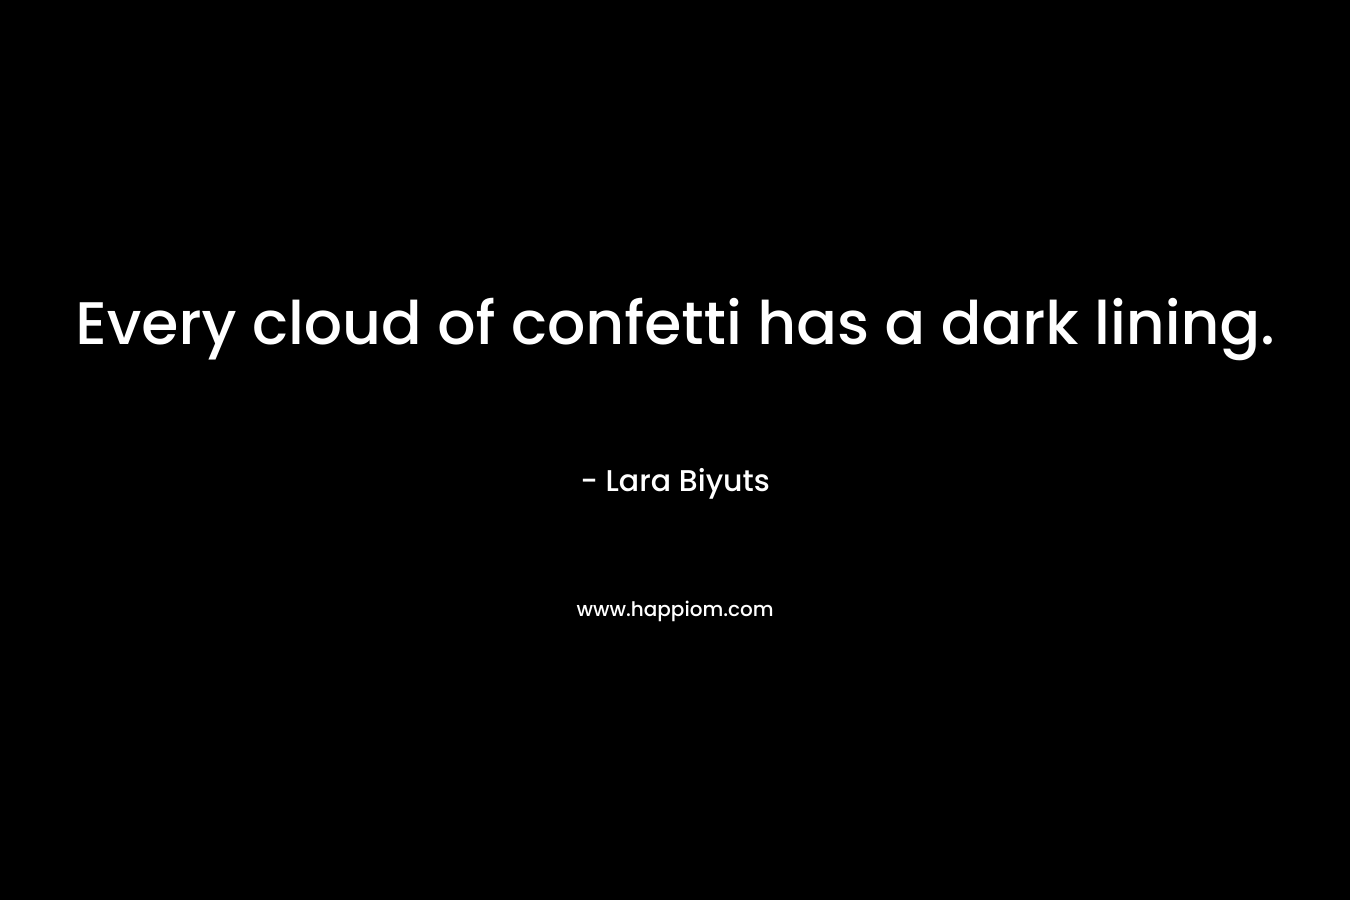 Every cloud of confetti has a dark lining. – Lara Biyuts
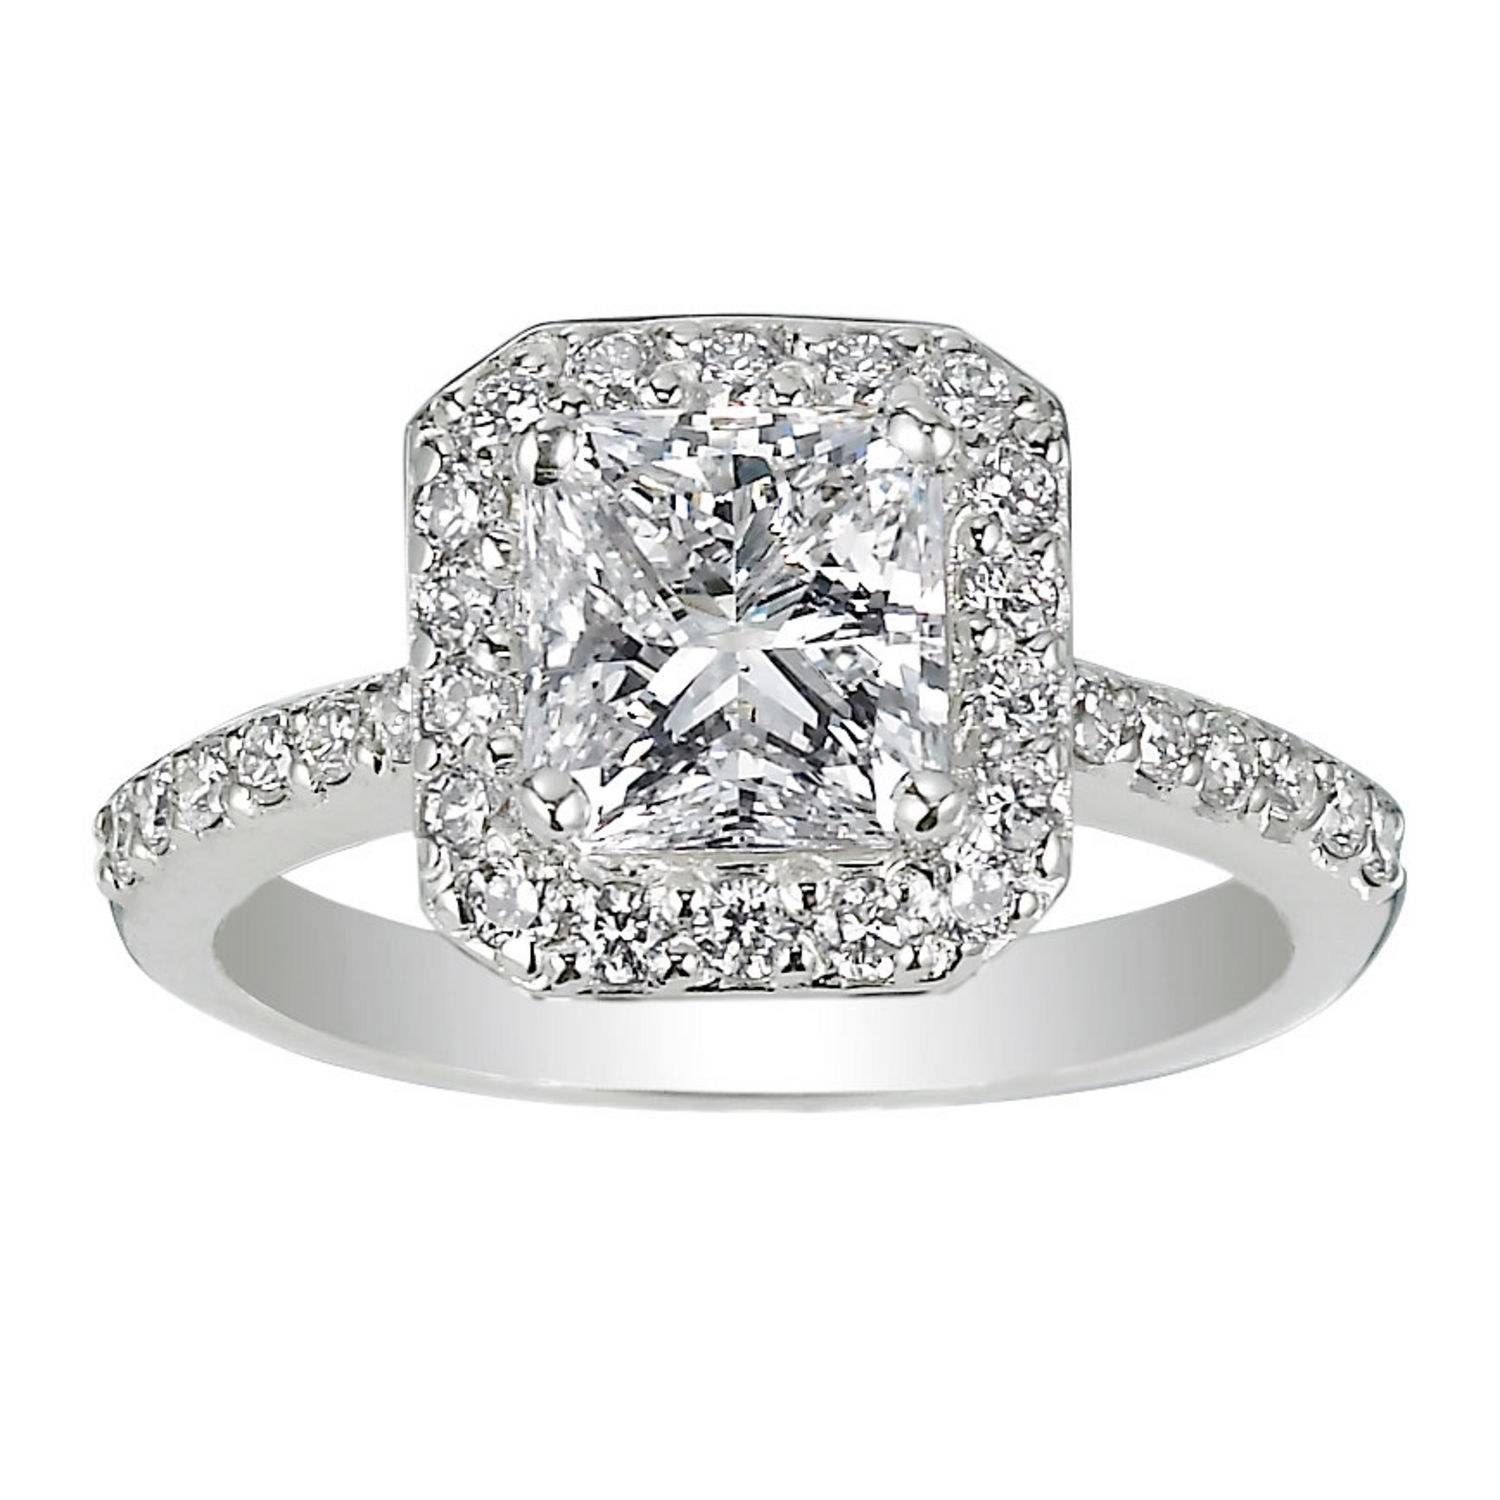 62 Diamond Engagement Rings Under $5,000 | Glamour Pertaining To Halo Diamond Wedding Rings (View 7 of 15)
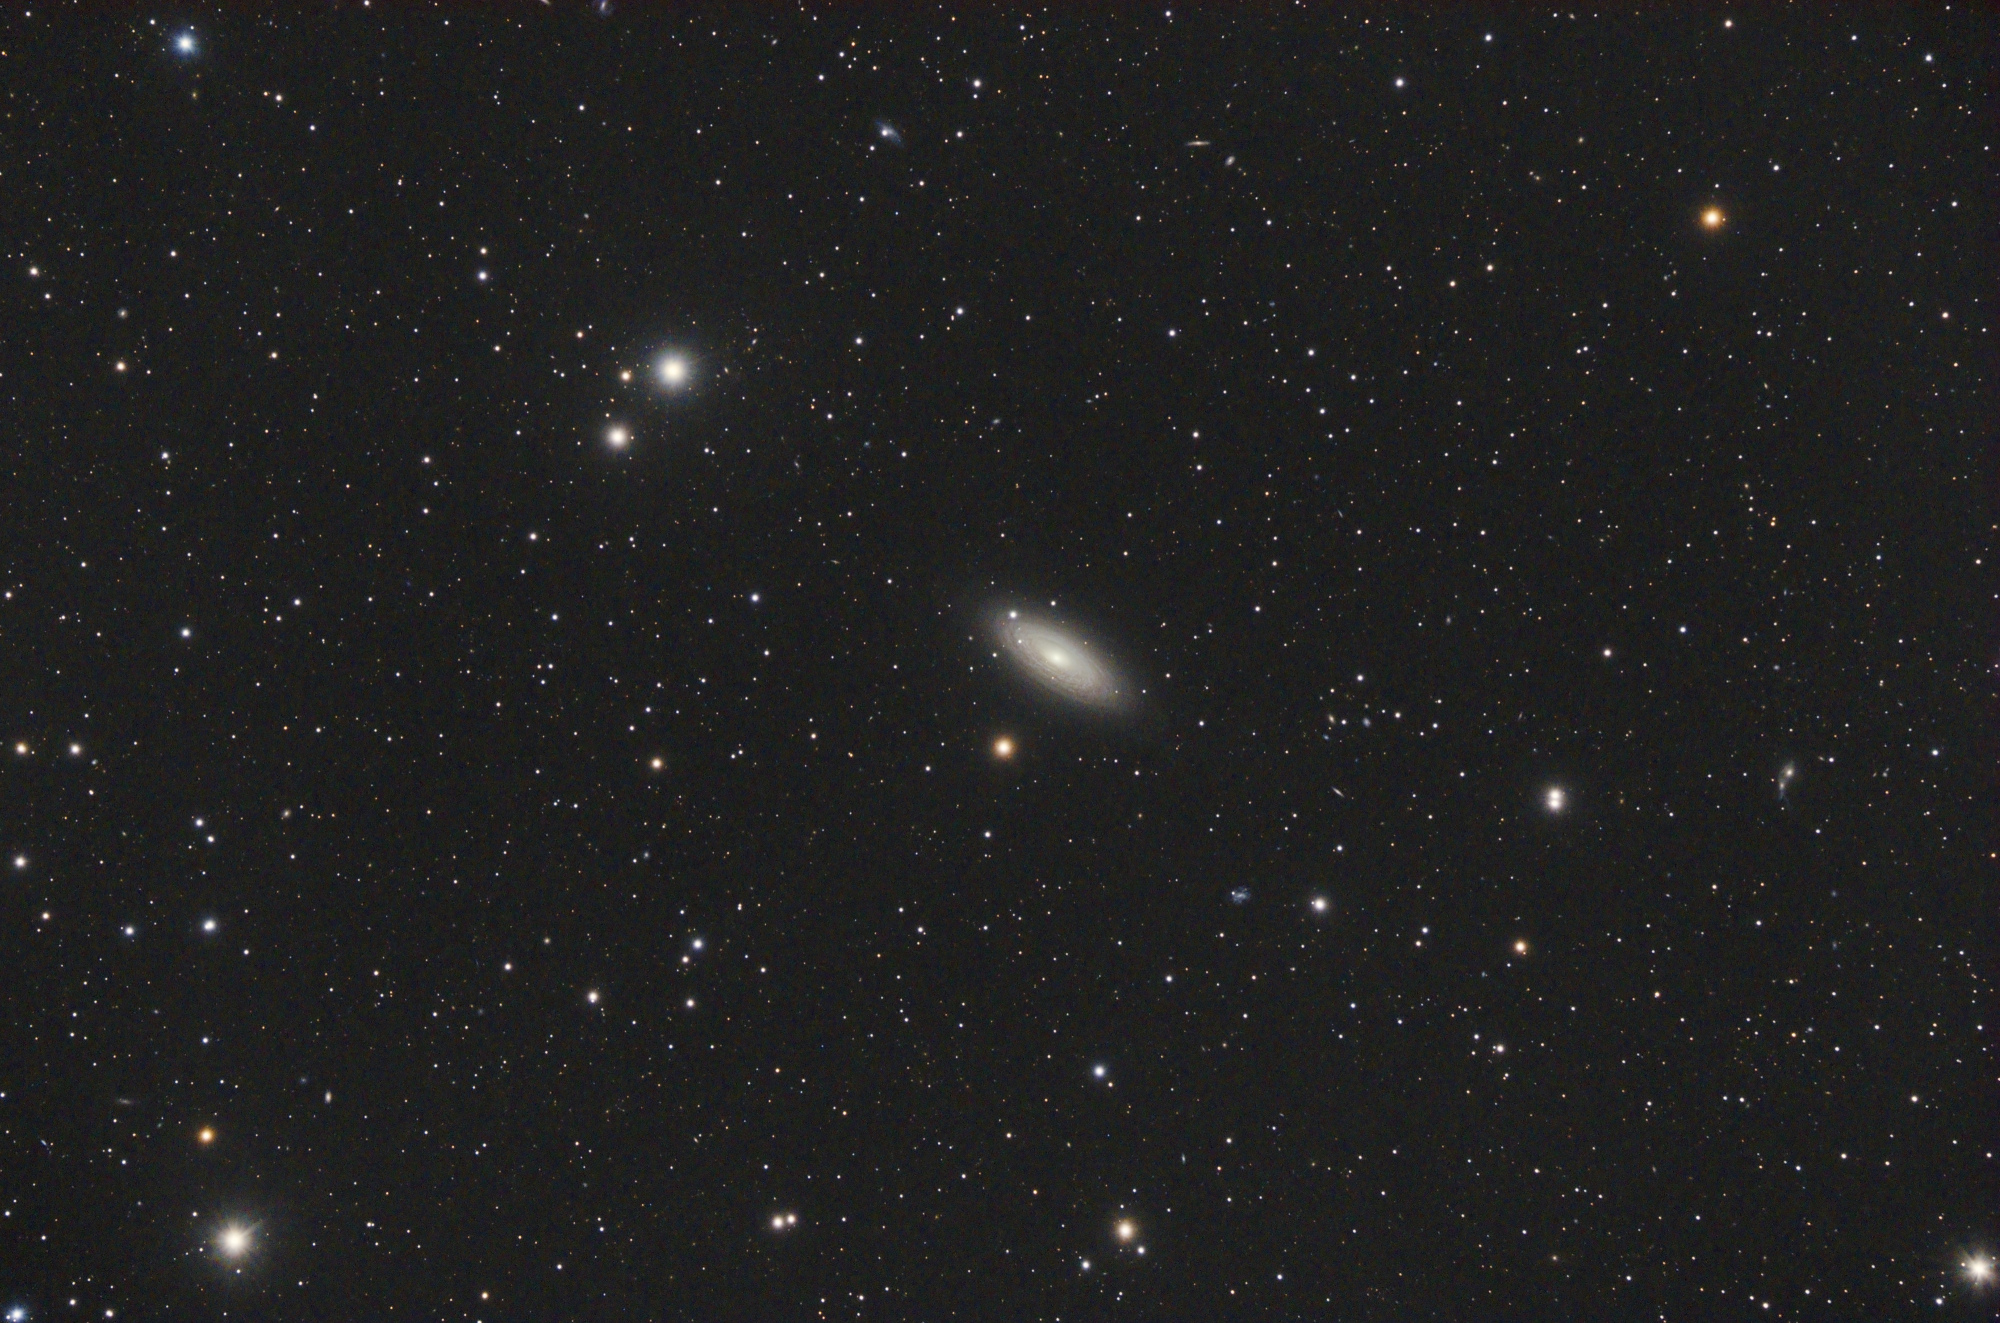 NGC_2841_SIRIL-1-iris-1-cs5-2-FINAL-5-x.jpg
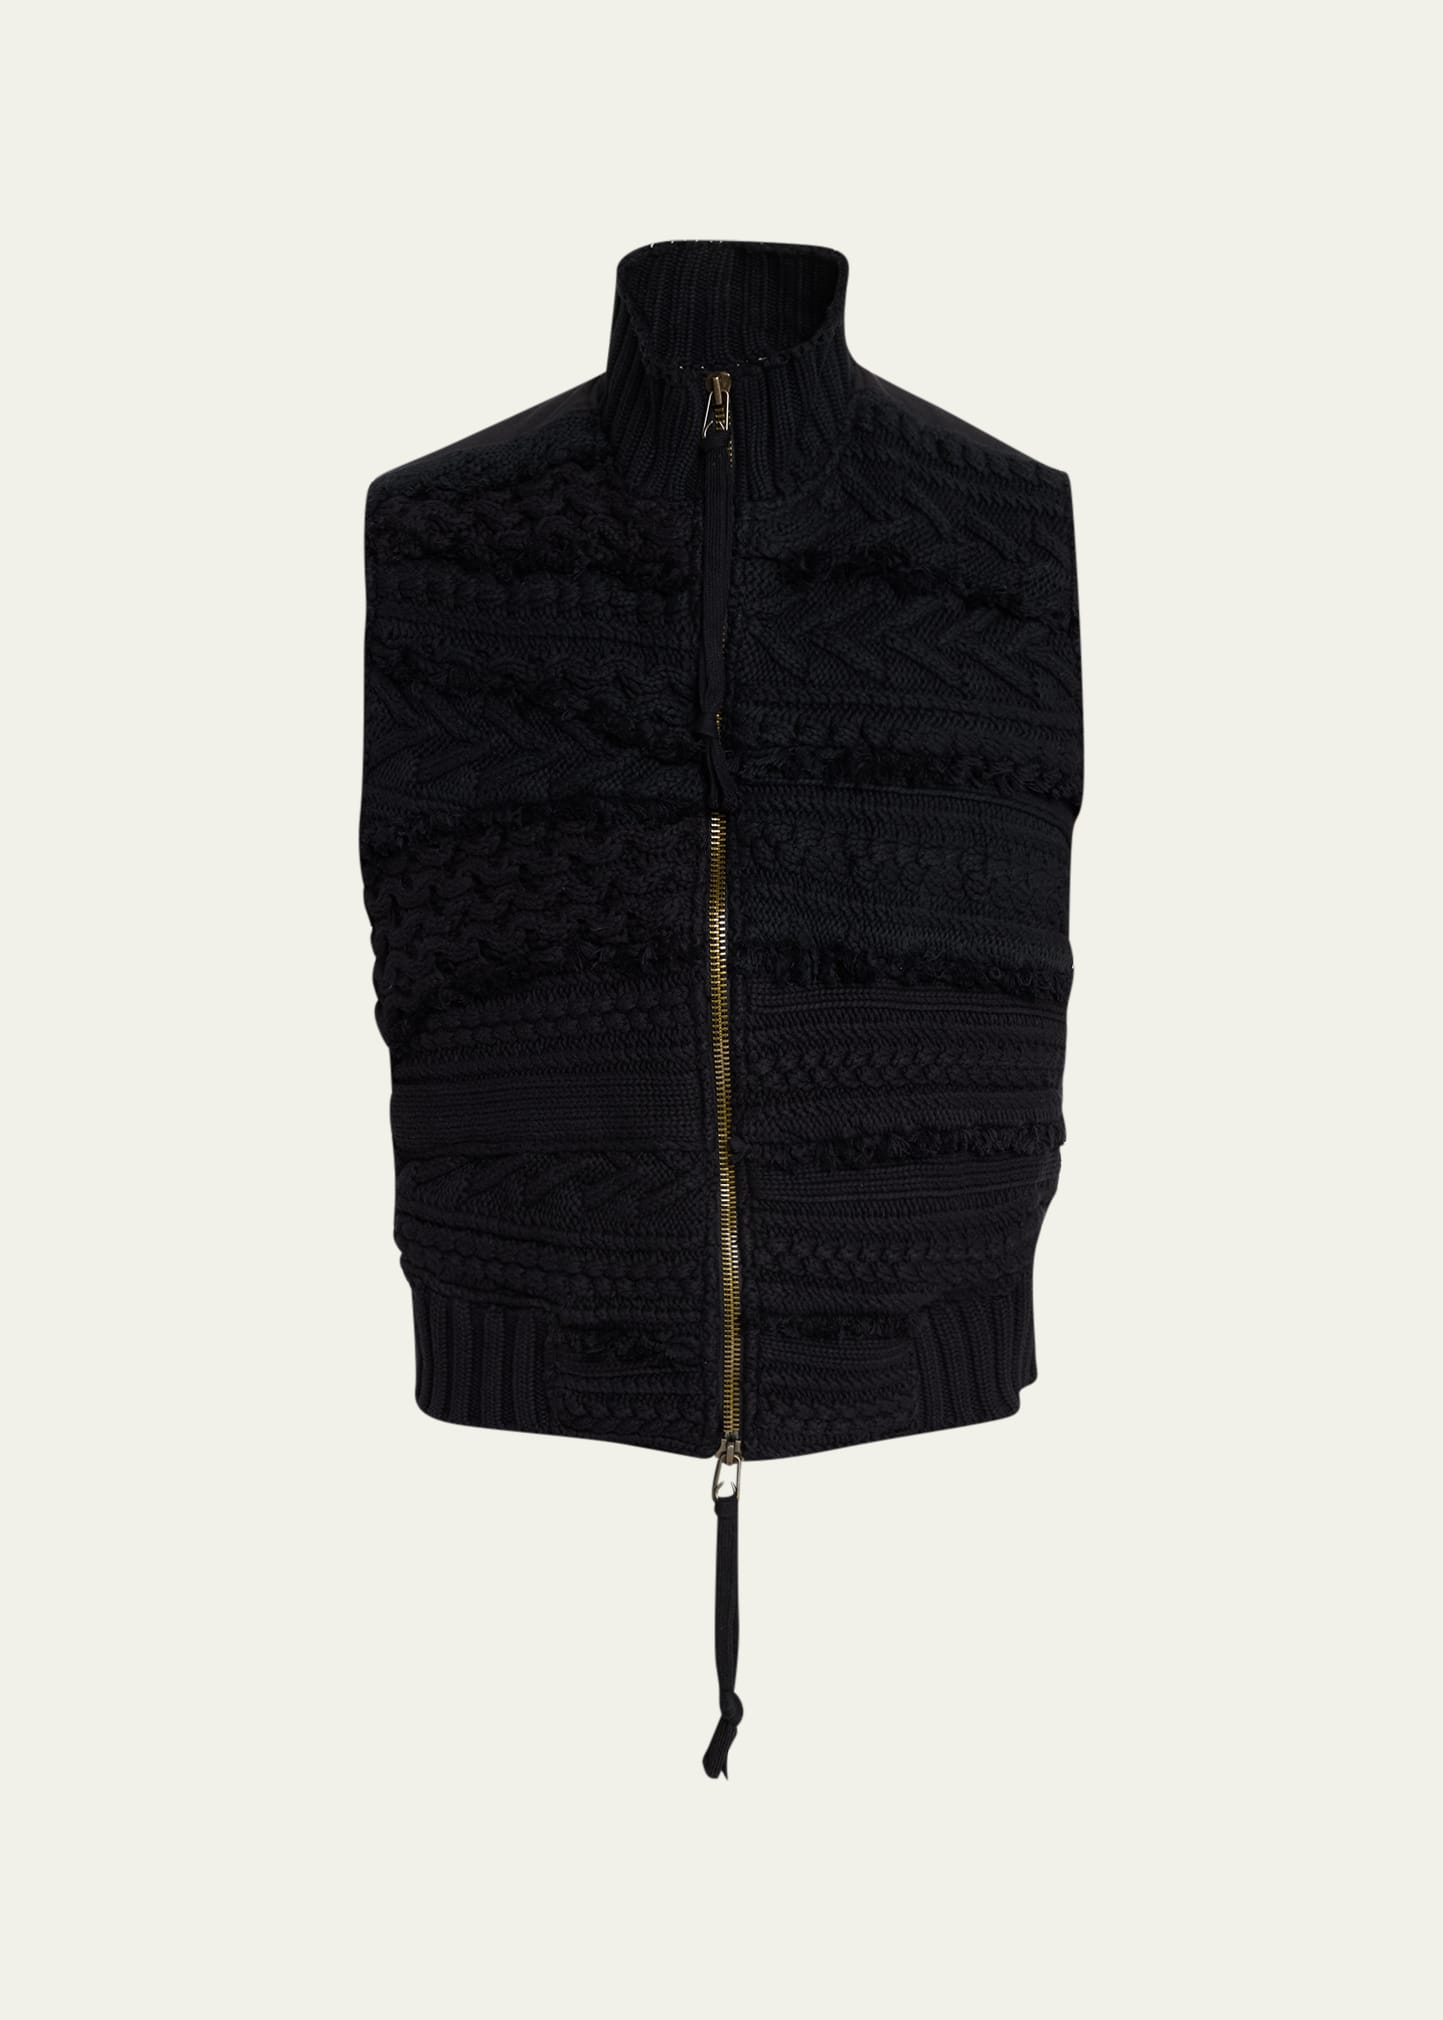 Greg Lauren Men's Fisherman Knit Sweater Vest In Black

| About this exercise |
Without any of the pictures, reproduce the listing above exactly.

| Written solution |
 Every cloud of confetti has a dark lining. – Lara Biyuts
 62 Diamond Engagement Rings Under $5,000 | Glamour Pertaining To Halo Diamond Wedding Rings (View 7 of 15)
 NGC_2841_SIRIL-1-iris-1-cs5-2-FINAL-5-x.jpg
 Greg Lauren Men's Fisherman Knit Sweater Vest In Black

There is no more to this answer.